Par jugement mis à disposition le 8 novembre 2022, le Conseil de prud'hommes de Bastia statuait en ce sens : - Juge que les agissements de la Sarl B&B sur la personne de Madame [R] sont constitutifs d'un harcèlement moral ; - Condamne la Sarl B&B à payer à Madame [R] les sommes suivantes : o 5.000 euros de dommages et intérêt pour harcèlement moral ; o 1.599 euros à titre d'indemnité de congés payés ; o 327,07 euros à titre de rappel de salaires. - Ordonne la rectification et la remise de documents de fin de contrat (solde de tout compte, attestation Pôle emploi, bulletins de salaires) - Dit que Madame [R] bénéficiera du maintien à titre gratuit de la couverture prévoyance prévue par le contrat souscrit par l'entreprise, pour la durée maximale de 12 mais prévue, et à compter de la prise d'effet de son licenciement; - Dit n'y avoir lieu au prononcé de l'exécution provisoire de la présente décision; - Déboute la Sarl B&B de l'ensemble de ses demandes.
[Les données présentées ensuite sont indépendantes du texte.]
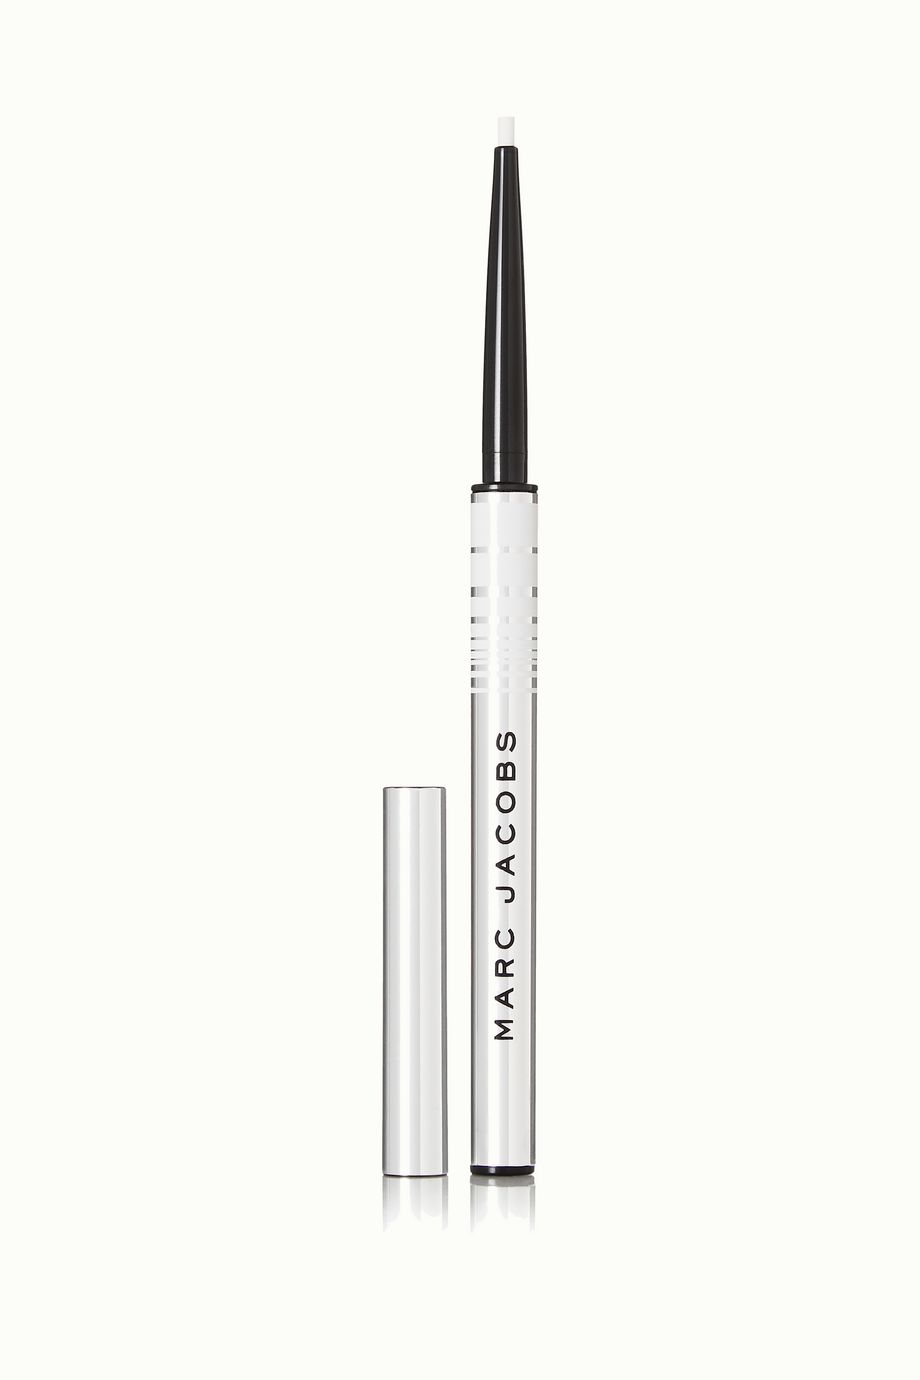 Marc Jacobs Beauty Fineliner Ultra-Skinny Gel Eye Crayon - Big (Eyes)!

Par déclaration du 24 novembre 2022, la Société B&B interjetait appel du jugement intervenu, limité aux chefs de jugement critiqués, à savoir : "- JUGE que les agissements de la SARL B&B sur la personne de Madame [R] sont constitutifs d'un harcèlement moral ; - CONDAMNE la Sarl B&B à regler à Madame [R] les sommes suivantes : - Rappels de salaire : 368,65 € BRUT ; - Indemnité compensatrice de congés payés : 2. 607,60 € BRUT - Dommages-intérêts pour harcelement moral : 15. 000 € - ORDONNE la rectification et la remise des documents de fin de contrat (solde de tout compte, attestation POLE EMPLOI, bulletins de salaire) sous astreinte de 50 € par jour de retard ; - DEBOUTE la Sarl B&B de l'ensemble de ses demandes".

L'employeur appelant entend soutenir, sur le harcèlement moral retenu par le premier juge, qu'au regard des dispositions de l'article L1152-1 du code du travail, la situation décrite par le salarié doit être susceptible de porter atteinte à ses droits, à sa dignité, d'altérer sa santé physique ou mentale ou de compromettre son avenir professionnel.

Alors qu'un fait isolé ne peut pas constituer, faute de répétition, un harcèlement moral.

Avant de contester l'argumentaire soutenu par Madame [R] en première instance en versant plusieurs attestations, et la solution retenue par le Conseil de prud'hommes en ce qui concerne les points suivants : - la mauvaise gestion de l'arrêt maladie de la salarié - les changements d'emploi du temps et les jours non payés ayant apporté modification unilatérale du contrat de travail - l'absence d'humiliations et d'acharnement de l'employeur, ces allégations n'ayant d'ailleurs pas été retenues par le conseil de prud'hommes, et de conclure au rejet de la demande de dommages-intérêts, en l'absence d'automaticité de l'indemnisation sans préjudice établi et lien de causalité entre le comportement fautif de l'employeur et le résultat préjudiciable.

Alors que Madame [R] ne démontre aucunement que son inaptitude a été prononcée en raison d'un prétendu harcèlement moral dont elle se dit victime.